The required output is the exact text of the lines from the line containing "WOODLAND/Levi's/CAT Genuine Leather" through the final line below, inclusive, without pictures.

THE DATA:
BEGIN
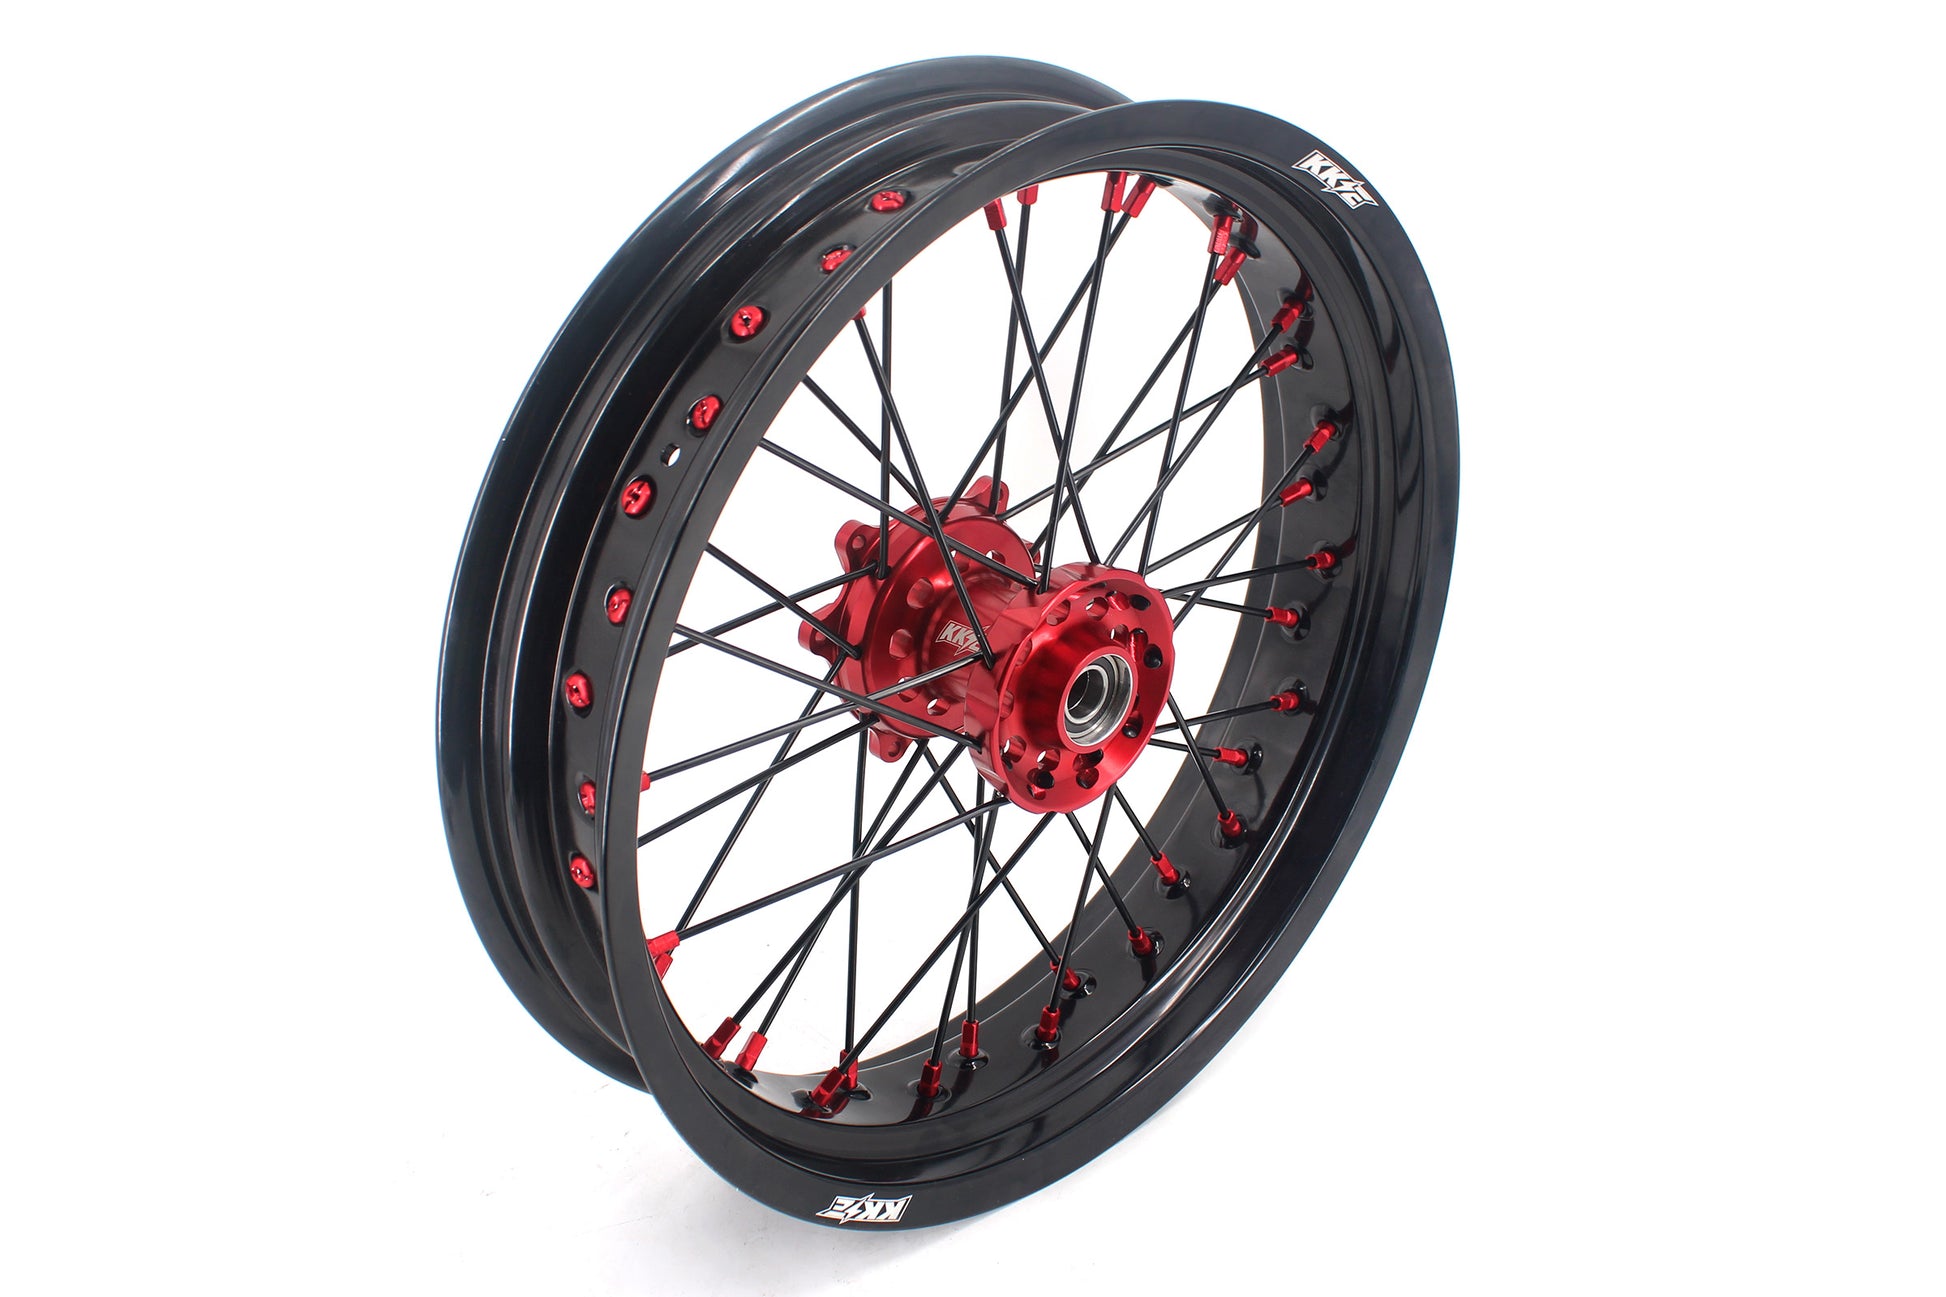 LUSHQ Moto Wheel Rims Spoke Tube Tire tyre Scooter Bike Electric Motorcycle  For ktm exc couvre rayon moto honda crf 250 ktm sx - Price history & Review
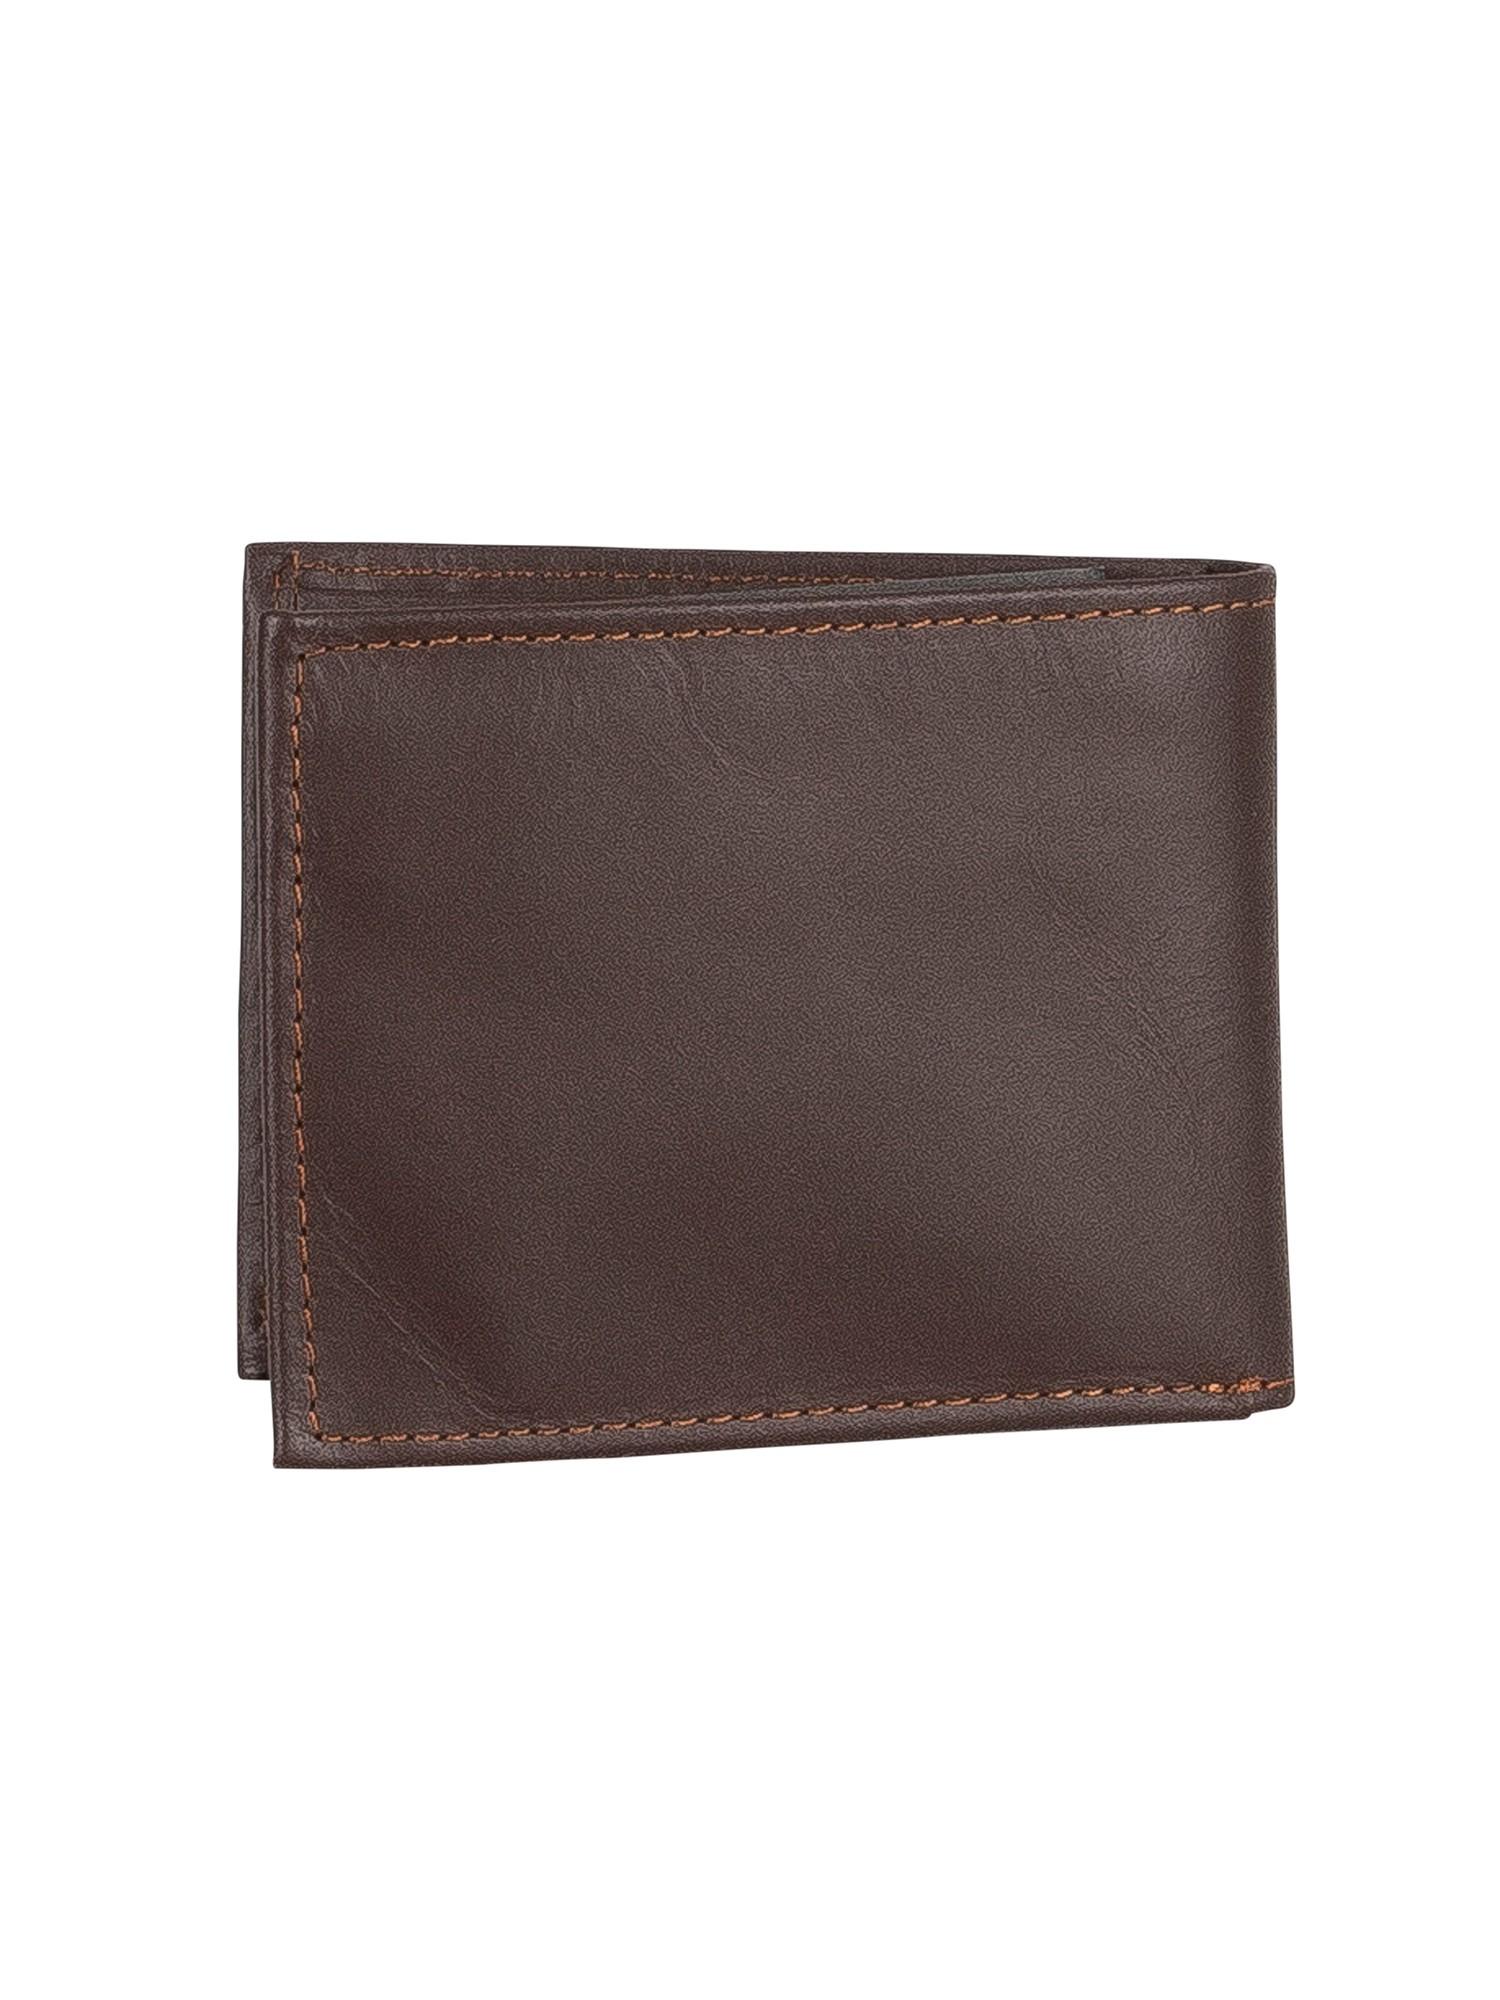 WOODLAND/Levi's/CAT Genuine Leather Wallet For Men at Rs 155 in Navi Mumbai
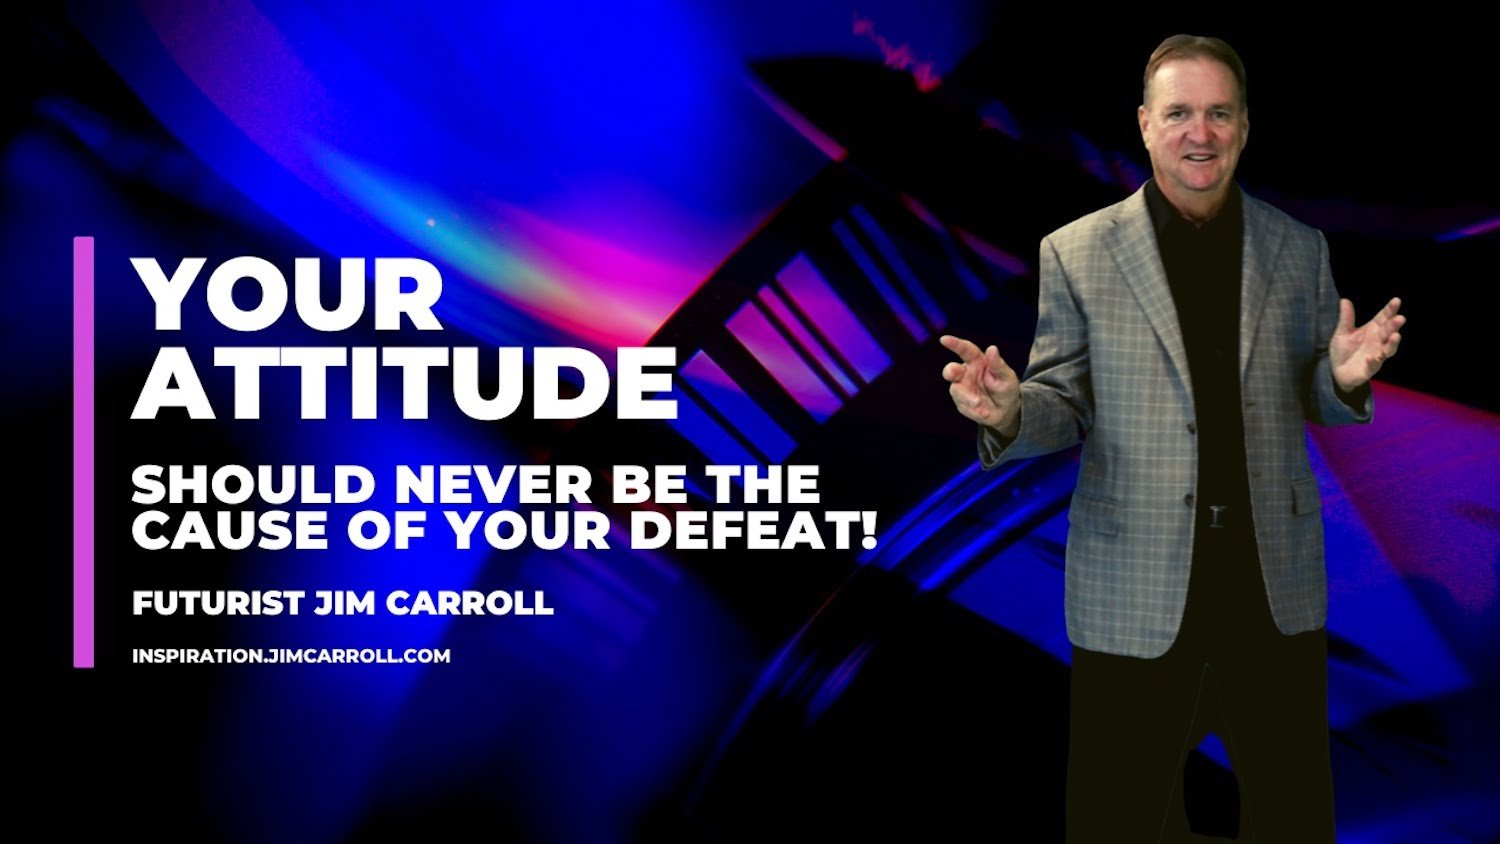 Daily Inspiration: "Your attitude should never be the cause of your defeat!"
END
SOLUTION FOR THIS EXERCISE:
 WOODLAND/Levi's/CAT Genuine Leather Wallet For Men at Rs 155 in Navi Mumbai
 Daily Inspiration: "Your attitude should never be the cause of your defeat!"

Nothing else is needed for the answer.